How Chickens Took Over The World

The discarded bone of a chicken leg, still etched with teeth marks from a dinner thousands of years ago, provides some of the oldest known physical evidence for the introduction of domesticated chickens to the continent of Africa.

Based on radiocarbon dating of about 30 chicken bones unearthed at the site of an ancient farming village in present-day Ethiopia, the findings shed new light on how domesticated chickens crossed ancient roads—and seas—to reach farms and plates in Africa and, eventually, every other corner of the globe.

“Our study provides the earliest directly dated evidence for the presence of chickens in Africa and points to the significance of Red Sea and East African trade routes in the introduction of the chicken,” says Helina Woldekiros, lead author and a postdoctoral anthropology researcher at Washington University in St. Louis.

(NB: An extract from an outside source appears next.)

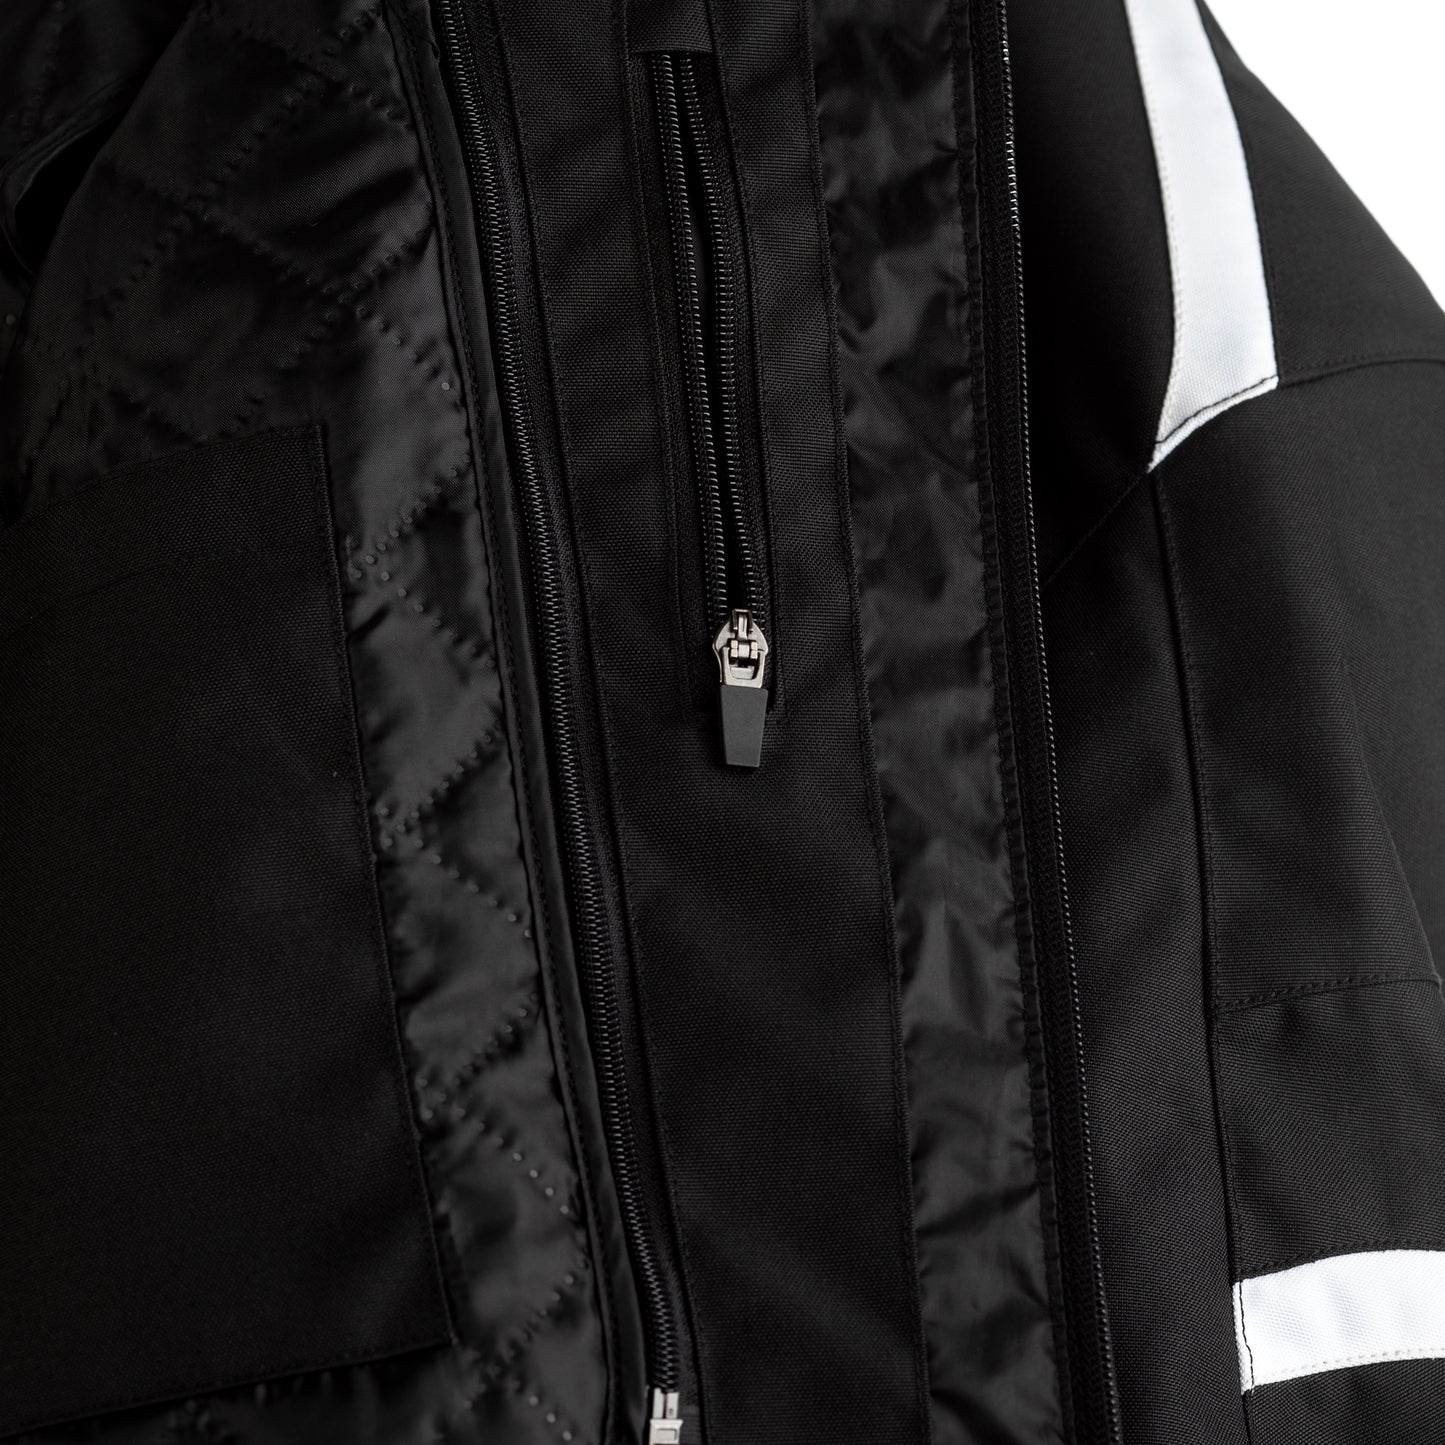 RST Pilot CE Men's Waterproof Textile Jacket - Black / White (2368)

chickens 11 10Domestic chicken bones recovered from Mezber include a distal tibiotarsus bone with a cut mark (left) and the shaft of a humerus bone with a human tooth mark (right). (Credit: Courtesy of the International Journal of Osteoarchaeology)

The main wild ancestor of today’s chickens, the red junglefowl Gallus gallus is endemic to sub-Himalayan northern India, southern China, and Southeast Asia, where chickens were first domesticated 6,000-8,000 years ago. Now nearly ubiquitous around the world, the offspring of these first-domesticated chickens are providing modern researchers with valuable clues to ancient agricultural and trade contacts.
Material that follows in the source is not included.